A corrected version of Dimitar Kazakov's paper Unsupervised Learning of Naive Morphology with Genetic Algorithms has replaced the old version which lacked all letters with diacritics. Especially when you have already downloaded the paper, you are invited to download the new postscript version directly by clicking here.


Table of Contents



Abstracts


Walter Daelemans (Tilburg University, The Netherlands), Antal van den Bosch, and Ton Weijters (Universiteit Maastricht, The Netherlands)
Empirical Learning of Natural Language Processing Tasks
pages 1-10

Language learning has thus far not been a hot application for machine-learning (ML) research. This limited attention for work on empirical learning of language knowledge and behaviour from text and speech data seems unjustified. After all, it is becoming apparent that empirical learning of Natural Language Processing (NLP) can alleviate NLP's all-time main problem, viz. the knowledge acquisition bottleneck: empirical ML methods such as rule induction, top down induction of decision trees, lazy learning, inductive logic programming, and some types of neural network learning, seem to be excellently suited to automatically induce exactly that knowledge that is hard to gather by hand. In this paper we address the question why NLP is an interesting application for empirical ML, and provide a brief overview of current work in this area.

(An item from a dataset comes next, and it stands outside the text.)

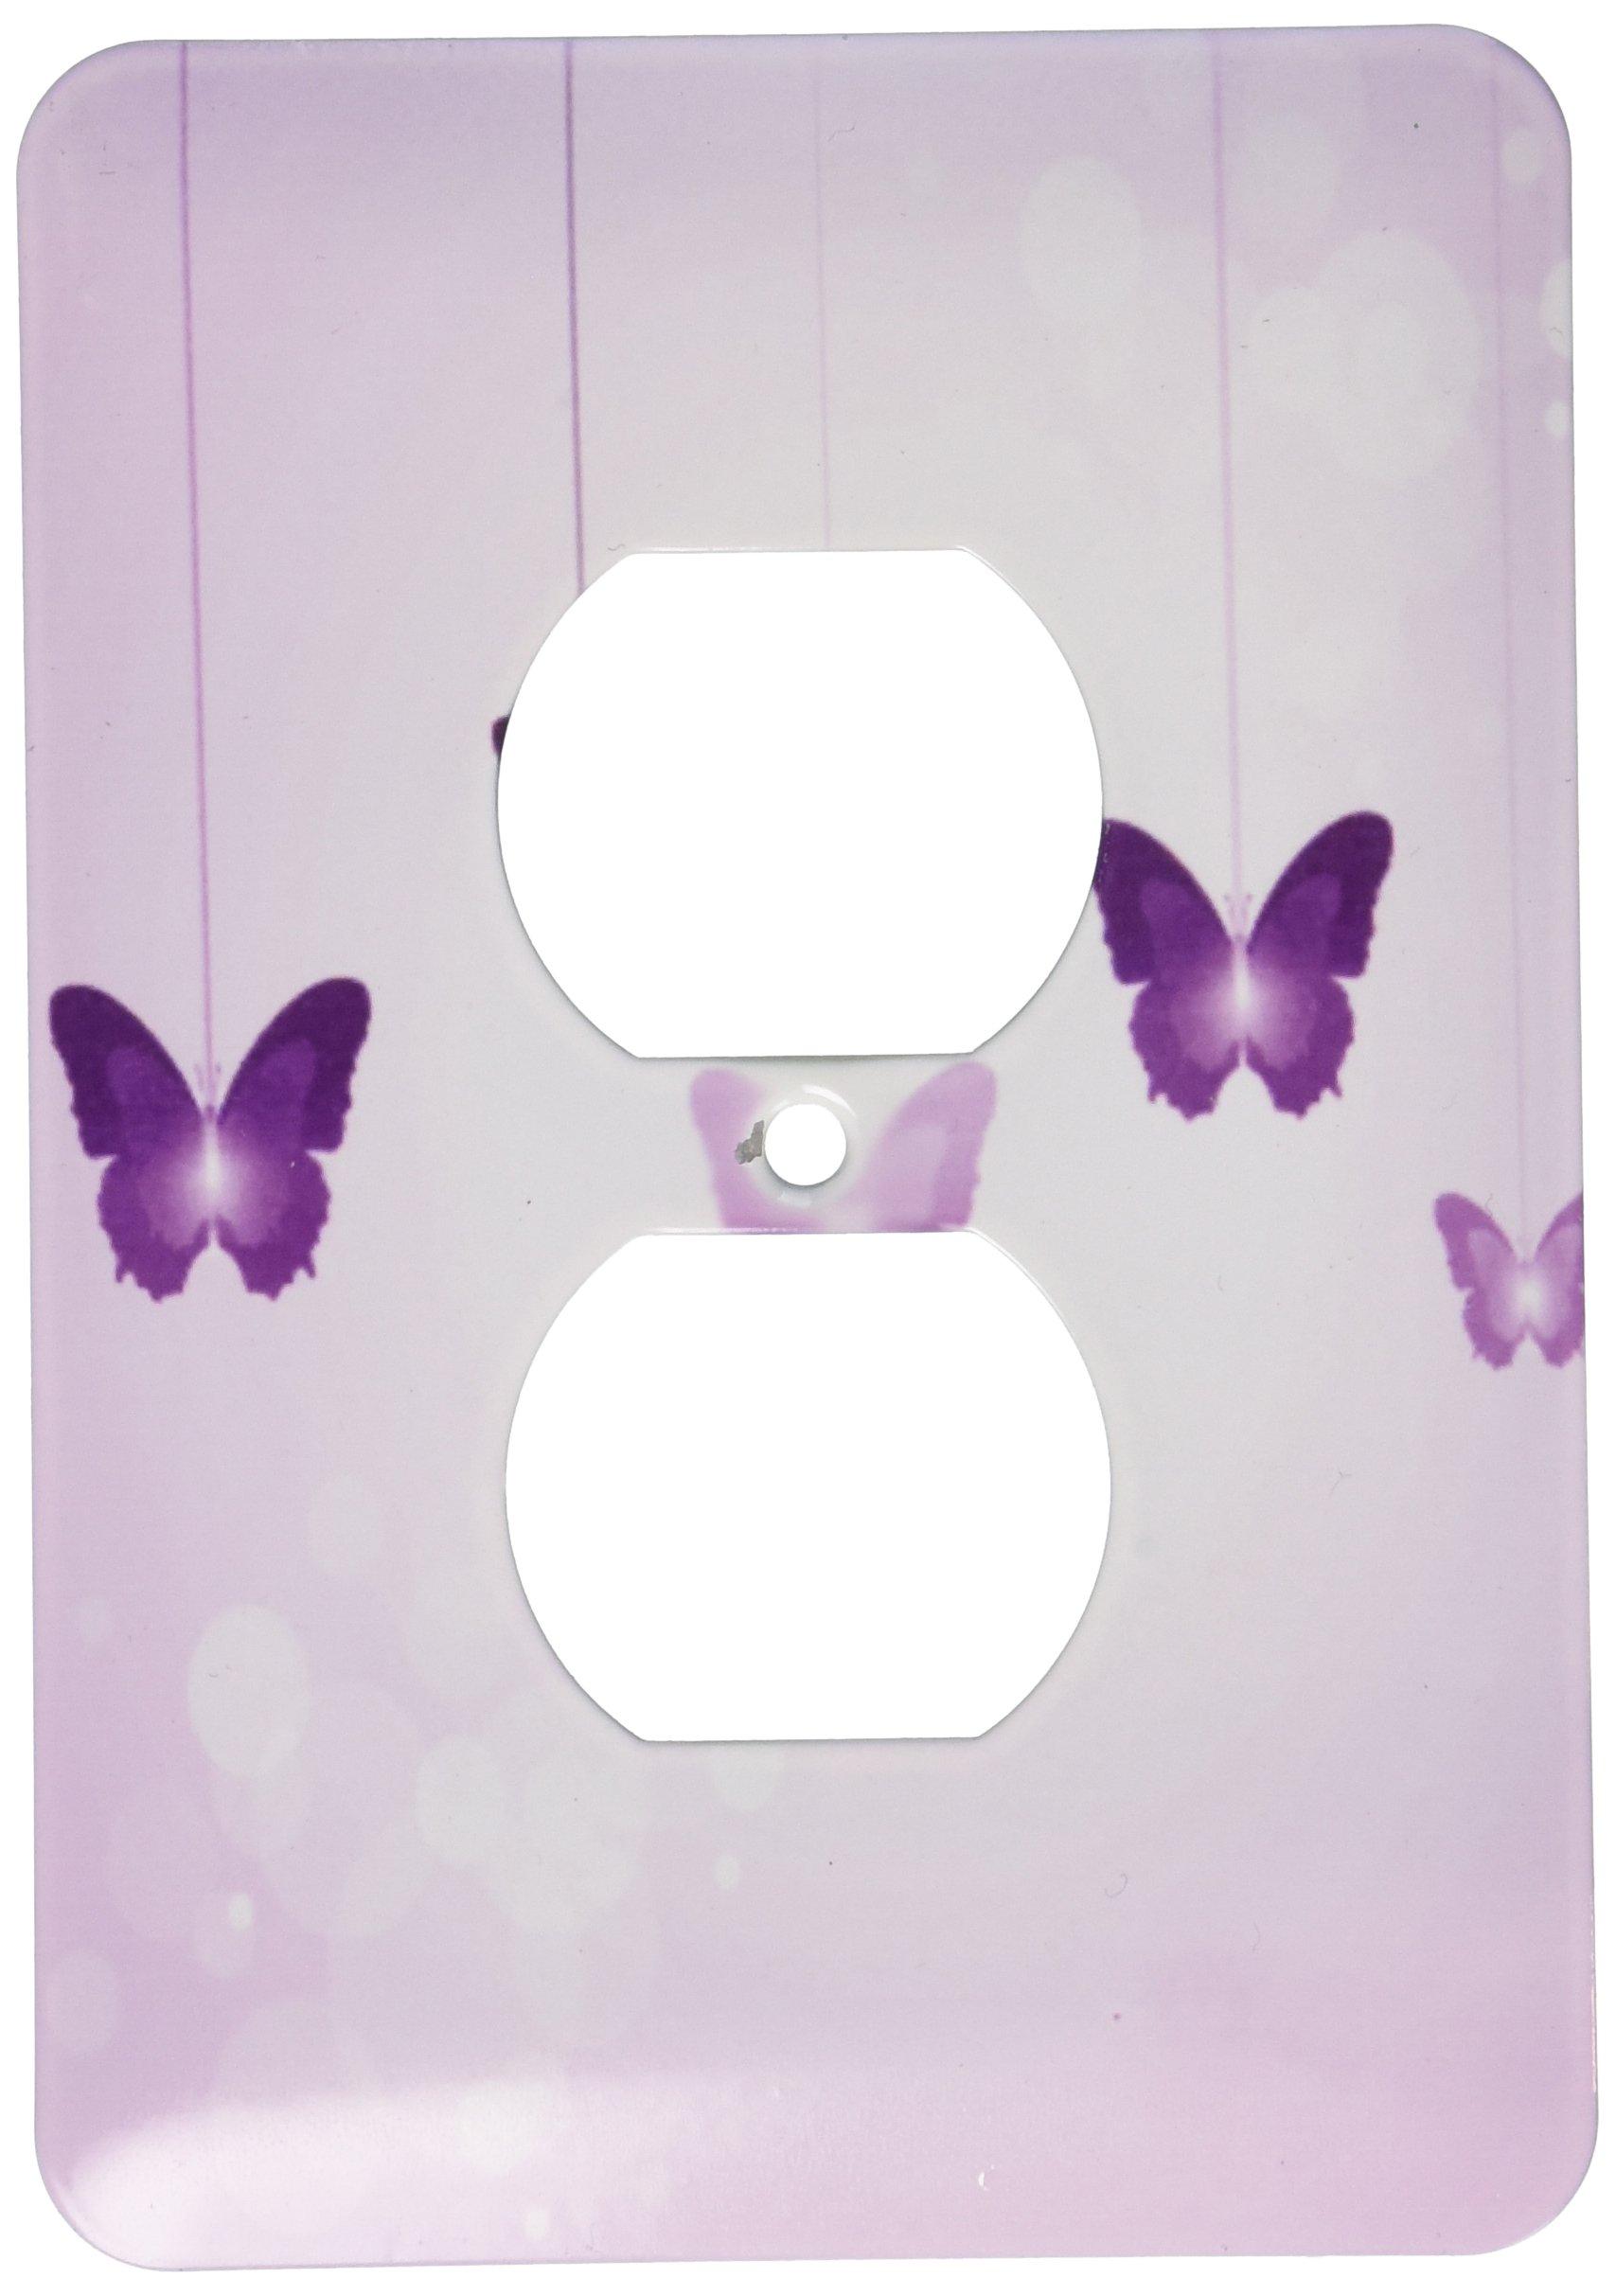 3dRose lsp_78670_6 Cute Dark And Light Purple Dangling Butterflies - 2 Plug Outlet Cover

Luc Steels (VUB Artificial Intelligence Laboratory, Brussels, Belgium)
Language Learning and Language Contact
pages 11-24

The evolution of language can only be explained when we take a language learning process into account which is necessarily imperfect due to weak data and the limits of induction. Thus language change yields clues on what the learning processes are and conversely hypothesised learning processes should predict possible language changes. This paper considers this issue by studying lexicon formation processes. It is shown how a process for the construction and acquisition of a lexicon in a single agent leads to various dynamical phenomena when applied to a population of agents with varying degrees of contact.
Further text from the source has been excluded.